One may be functionally literate in some contexts by being able to effectively read, write and meaningfully engage with texts in those contexts, but may be functionally illiterate in other contexts, writes Perry in What is Literacy? – A Critical View of Socio-Cultural Perspectives, published in 2012.
Another point of note, according to other scholars, is that “financial literacy is a combination of awareness, knowledge, skill, attitude and behaviour necessary to make sound financial decisions and ultimately achieve individual financial well-being”.
PlaNet Finance, a review of the payroll lending market published in May, 2015, provides useful evidence on how the growing indebtedness can no longer be ignored.

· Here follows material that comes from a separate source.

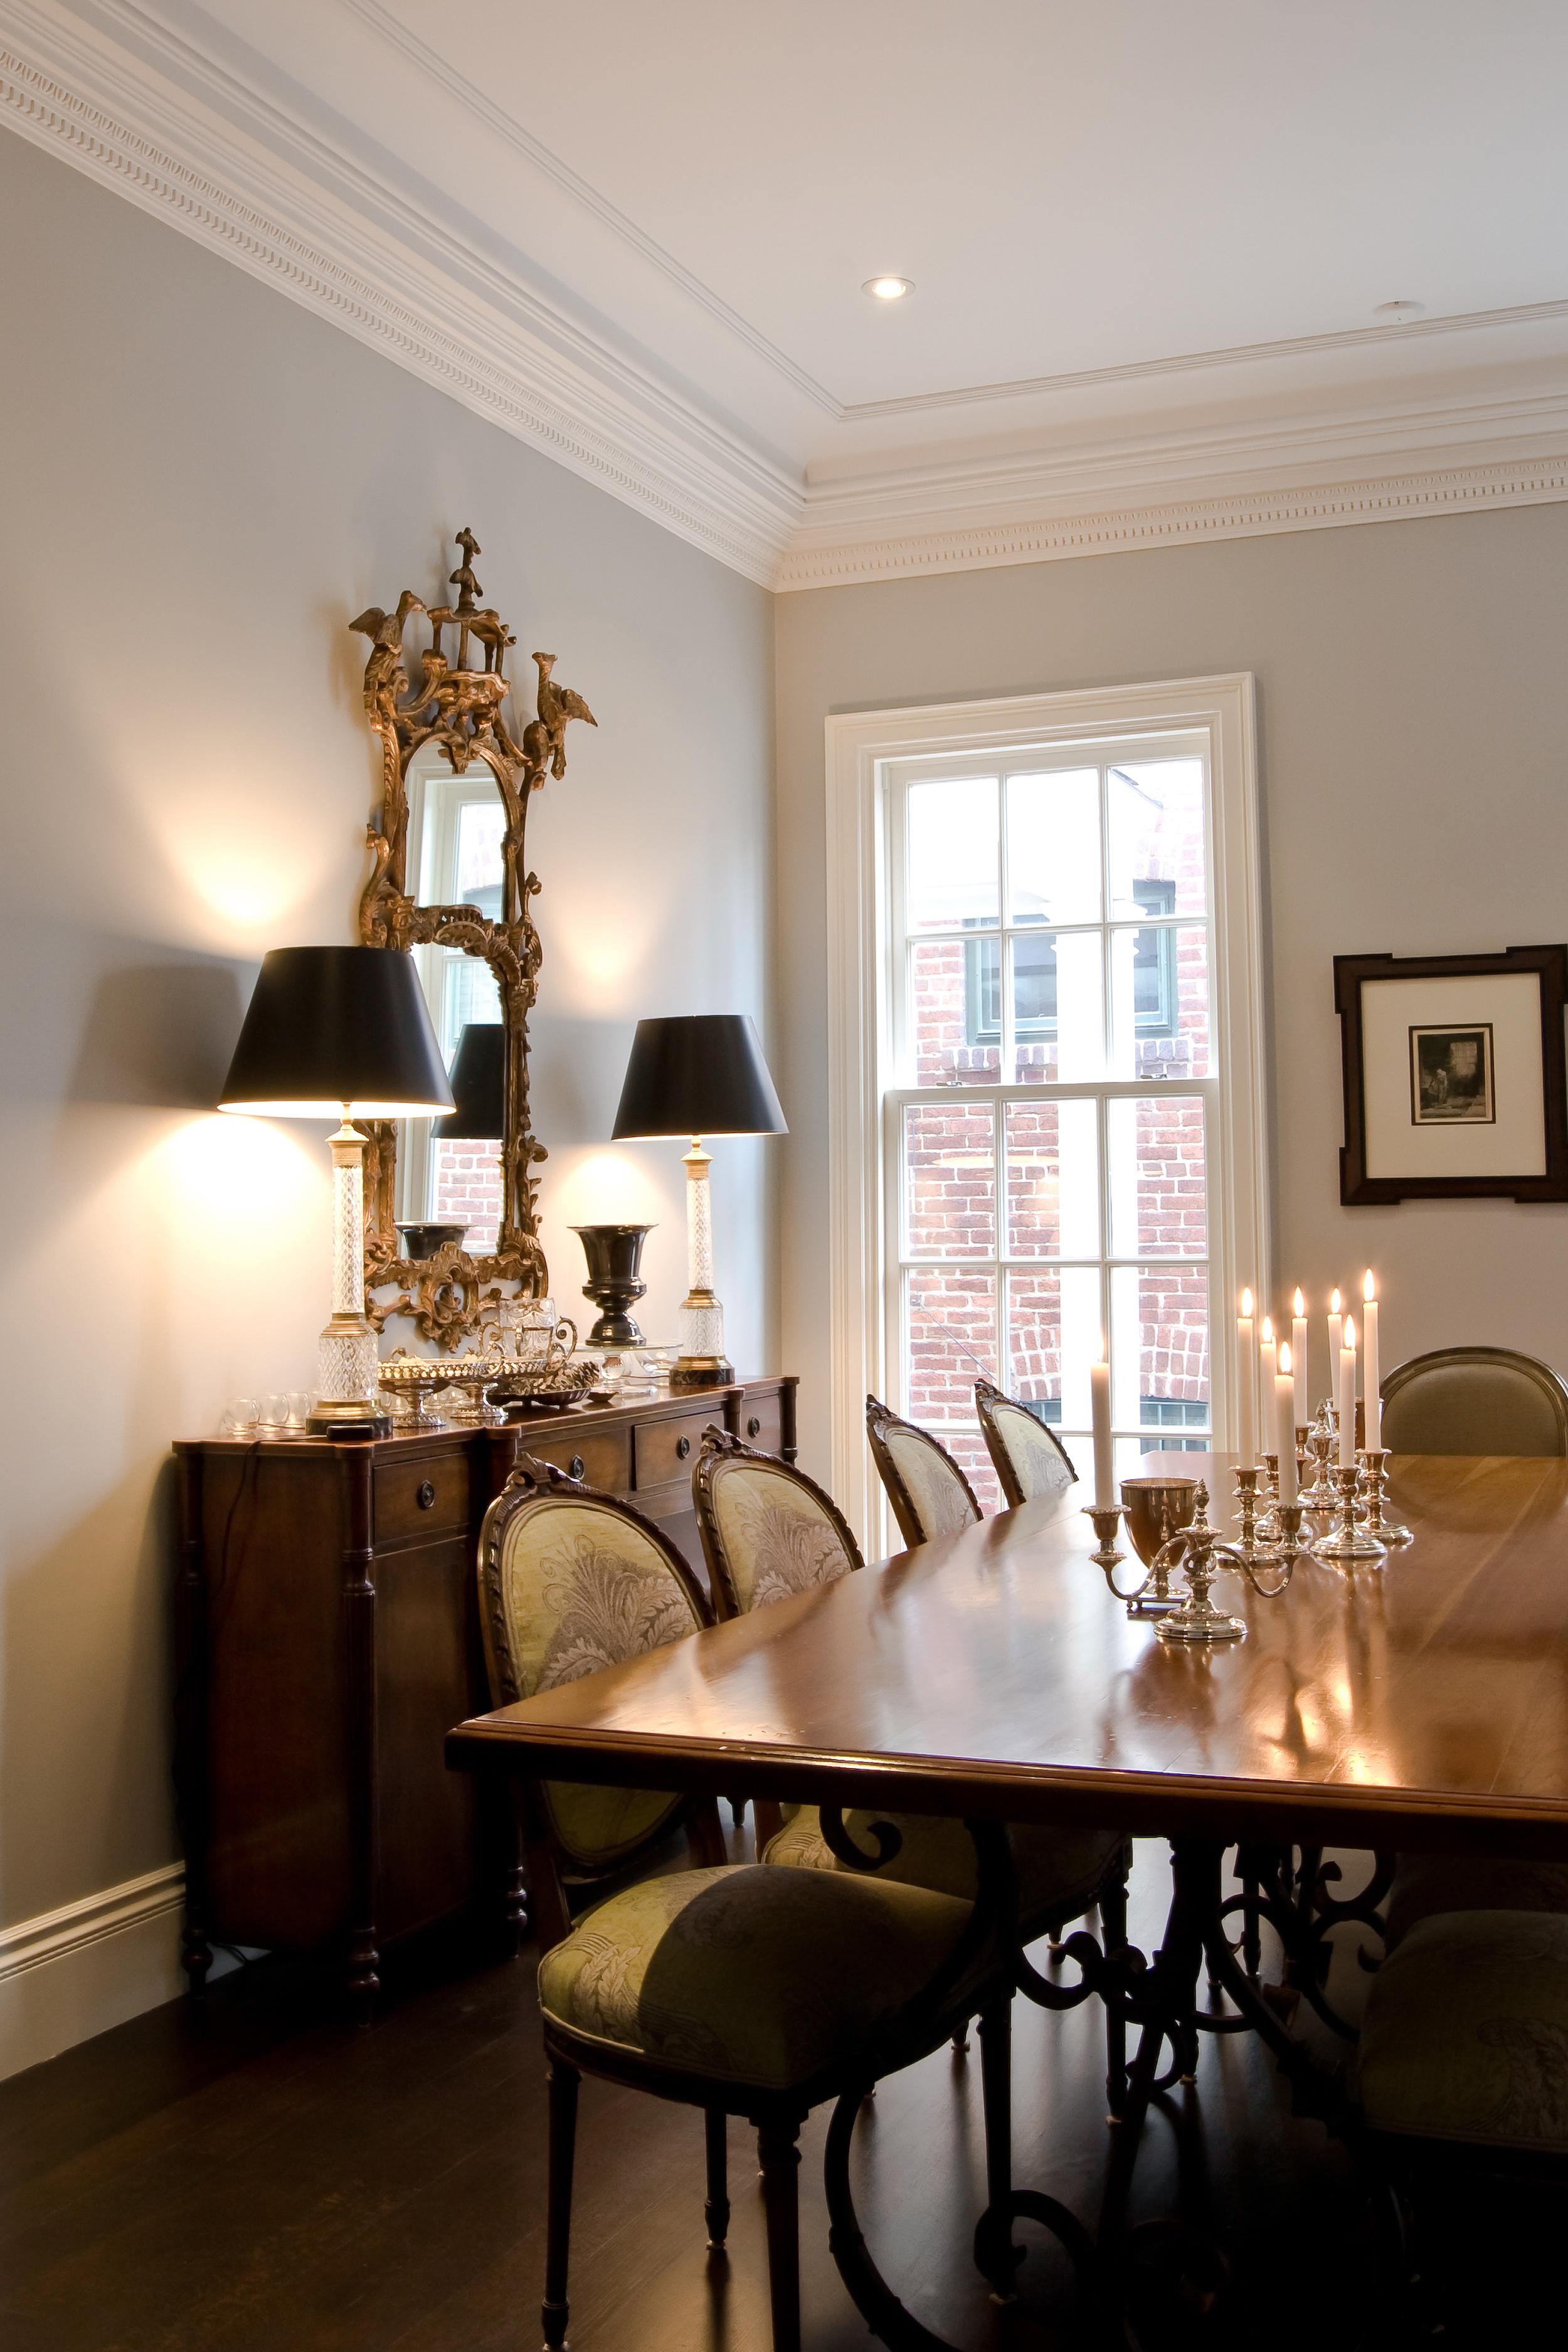 20100128-Interior dinning room side shot.jpg

The purpose of the report was to document the results of an assessment of the payroll lending sector in Zambia.
The study was commissioned by Financial Sector Deepening Africa (FSDA) on behalf of the Bank of Zambia (BoZ), and was carried out between July and November 2014.
The study formed part of a broader theme of work initiated by FSDA on credit markets within the region, and emanated from a rapid appraisal of the payroll lending market undertaken in Zambia in July 2013 following the introduction of interest rate caps.
FSDA’s reason for commissioning the study was to understand and quantify the extent of systemic and operational risks that may have arisen as payroll lending has grown in prominence.
Based on data collected from the largest payroll lenders, the assessment team estimated that payroll loans now account for one-third of all Zambian banking system loan value, up from 25 per cent at the end of 2008.
Personal loans, driven by payroll loans, have been the largest contributor to commercial bank loan portfolio growth every year since 2011, accounting for just under one-third of the total growth of the Zambian credit markets between June 2010 and June 2014.
Yet even though payroll lending is a key driver of Zambian credit market growth, information is scanty, and oversight and regulation is limited.
To date, the most important initiative in regulating payroll lending has been a voluntary decision by leading lenders and employers to limit total payroll loan and non-loan deductions to 60 per cent of gross pay.
This means employees should take home at least 40 per cent of their gross pay in line with the civil servant payroll deduction threshold.
However, for many households this threshold is too high, and indebtedness levels are increasing.
Against such a backdrop, financial literacy among workers in Zambia is necessary.
(The author is a holder of a B.Acc (CBU), CBA (Bangor), M.Acc, and MBA-Finance (BGSU). He is also a lecturer in the School of Business at the Copperbelt University and a candidate for Doctor of Philosophy in Finance at the University of Kwazulu-Natal in South Africa).